Re: Why we are going to have to go DirectIO

From: Greg Stark <stark(at)mit(dot)edu>
To: KONDO Mitsumasa <kondo(dot)mitsumasa(at)lab(dot)ntt(dot)co(dot)jp>
Cc: Claudio Freire <klaussfreire(at)gmail(dot)com>, Tatsuo Ishii <ishii(at)postgresql(dot)org>, Tom Lane <tgl(at)sss(dot)pgh(dot)pa(dot)us>, Magnus Hagander <magnus(at)hagander(dot)net>, Josh Berkus <josh(at)agliodbs(dot)com>, Stefan Kaltenbrunner <stefan(at)kaltenbrunner(dot)cc>, "Joshua D(dot) Drake" <jd(at)commandprompt(dot)com>, PostgreSQL-Dev <pgsql-hackers(at)postgresql(dot)org>
Subject: Re: Why we are going to have to go DirectIO
Date: 2013-12-05 14:42:29
Message-ID: CAM-w4HMWf4J8ZKKBFhMy2EntXdKiGOhDKtdi0YDxggh-YY6fxQ@mail.gmail.com
Views: Raw Message | Whole Thread | Download mbox | Resend email
Thread:
Lists: pgsql-hackers

On Thu, Dec 5, 2013 at 8:35 AM, KONDO Mitsumasa
<kondo(dot)mitsumasa(at)lab(dot)ntt(dot)co(dot)jp> wrote:
> Yes.

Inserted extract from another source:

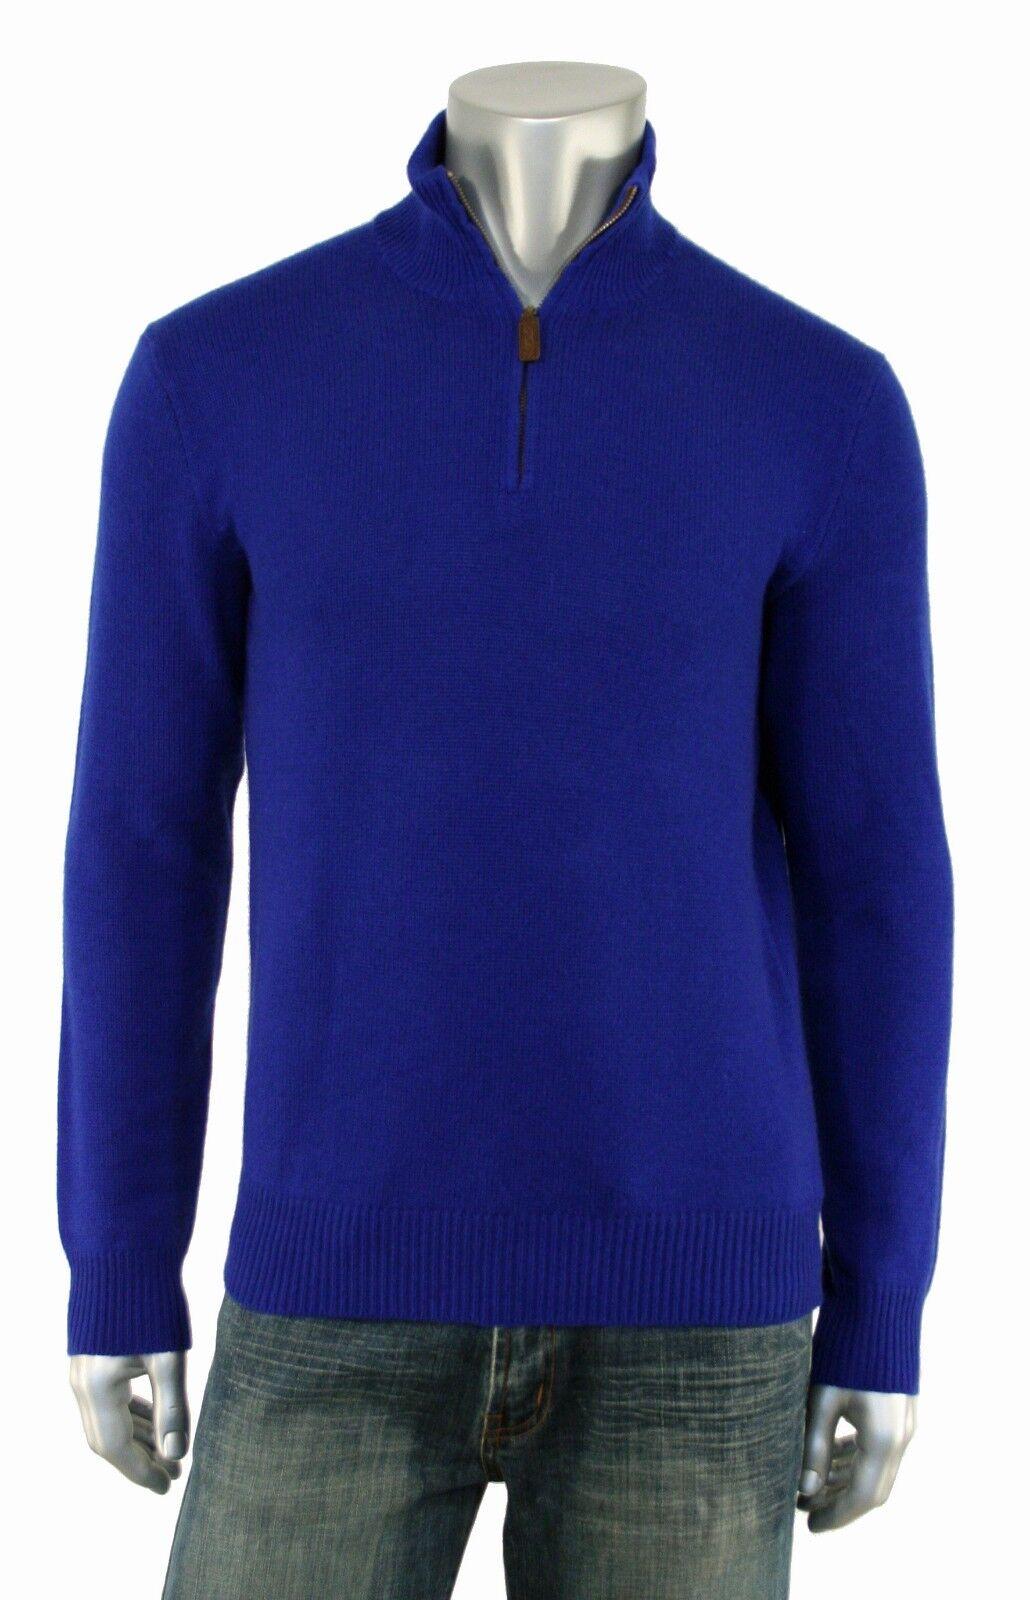 Ralph Lauren Polo bluee Half Zip Cashmere Sweater S New
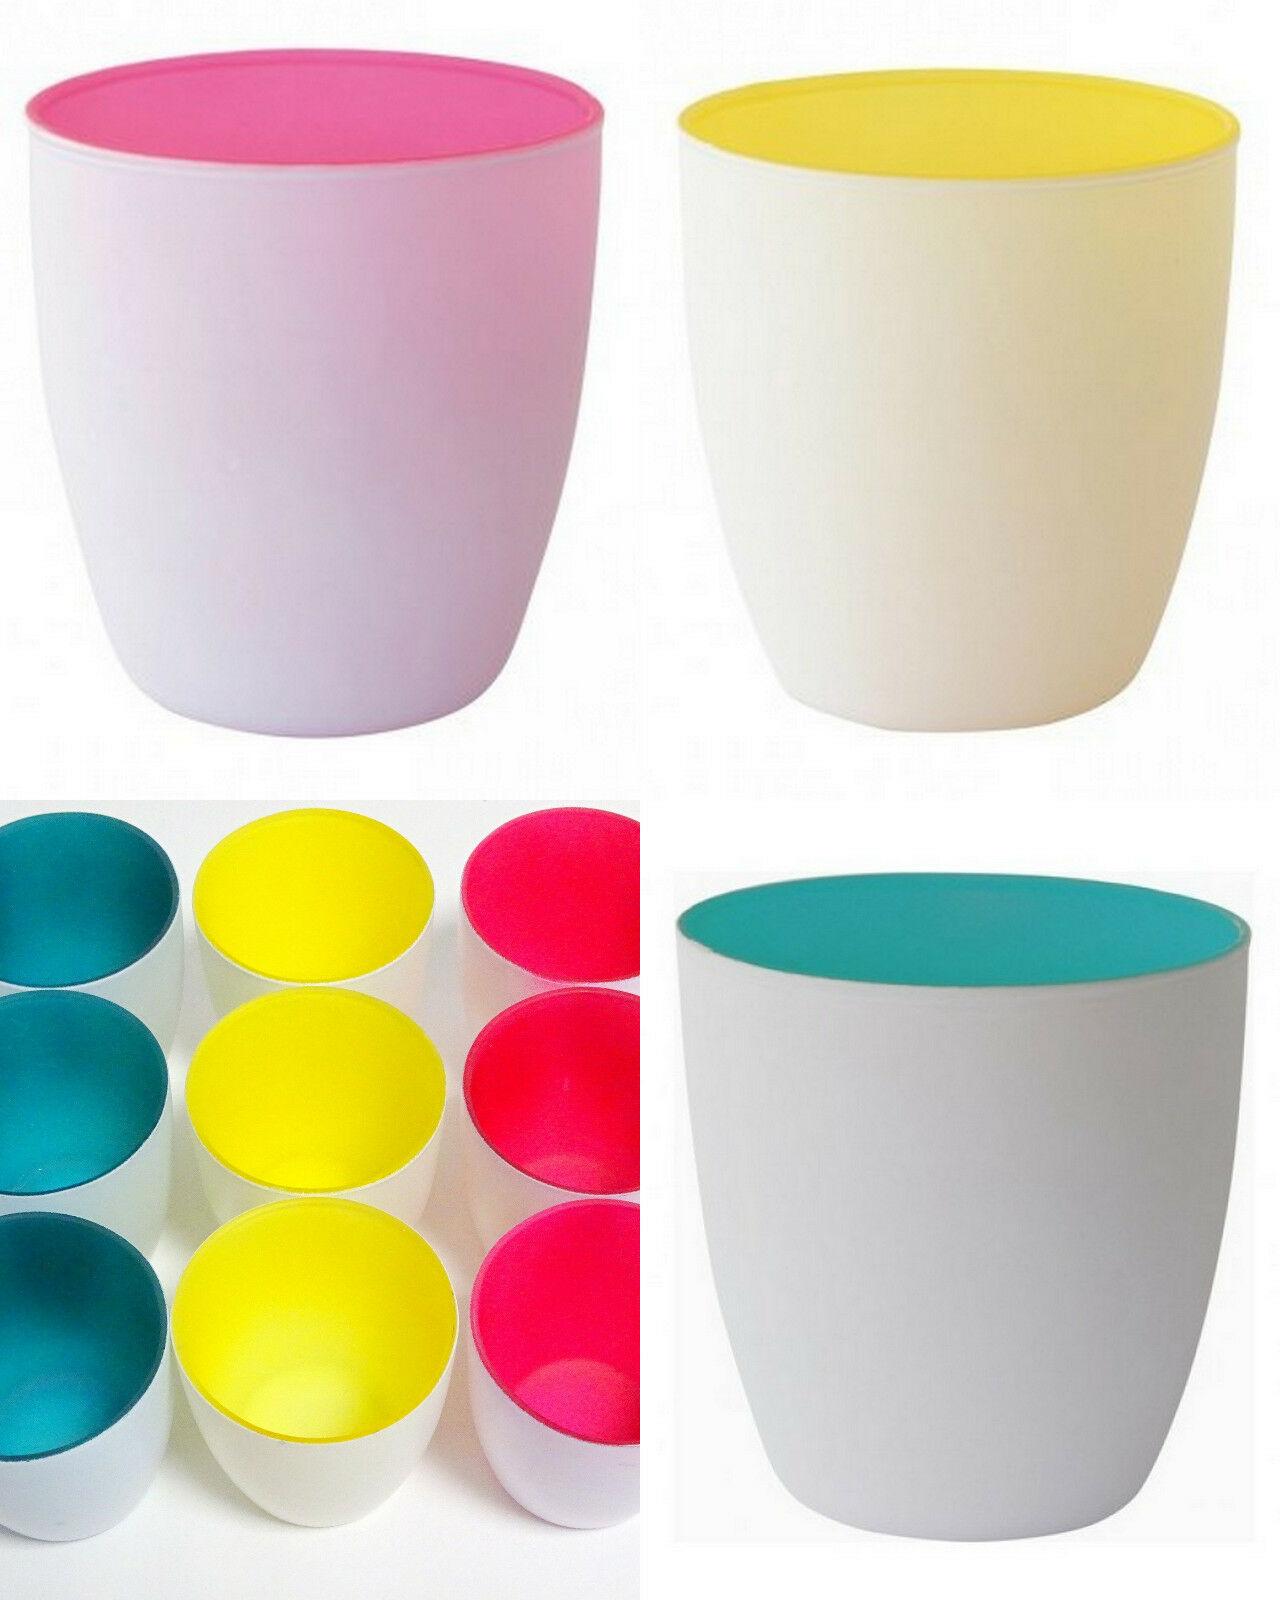 20 Kerzenhalter Teelichthalter 85x90mm Maxilichtglas Votivglas Kerzenglas B-Ware - MIX (Pink/Gelb/Türkis), 20 Stück

And using something efficiently DirectIO is more difficult than
> BufferedIO.
> If we change write() flag with direct IO in PostgreSQL, it will execute
> hardest ugly randomIO.

Using DirectIO presumes you're using libaio or threads to implement
prefetching and asynchronous I/O scheduling.

I think in the long term there are only two ways to go here. Either a)
we use DirectIO and implement an I/O scheduler in Postgres or b) We
use mmap and use new system calls to give the kernel all the
information Postgres has available to it to control the I/O scheduler.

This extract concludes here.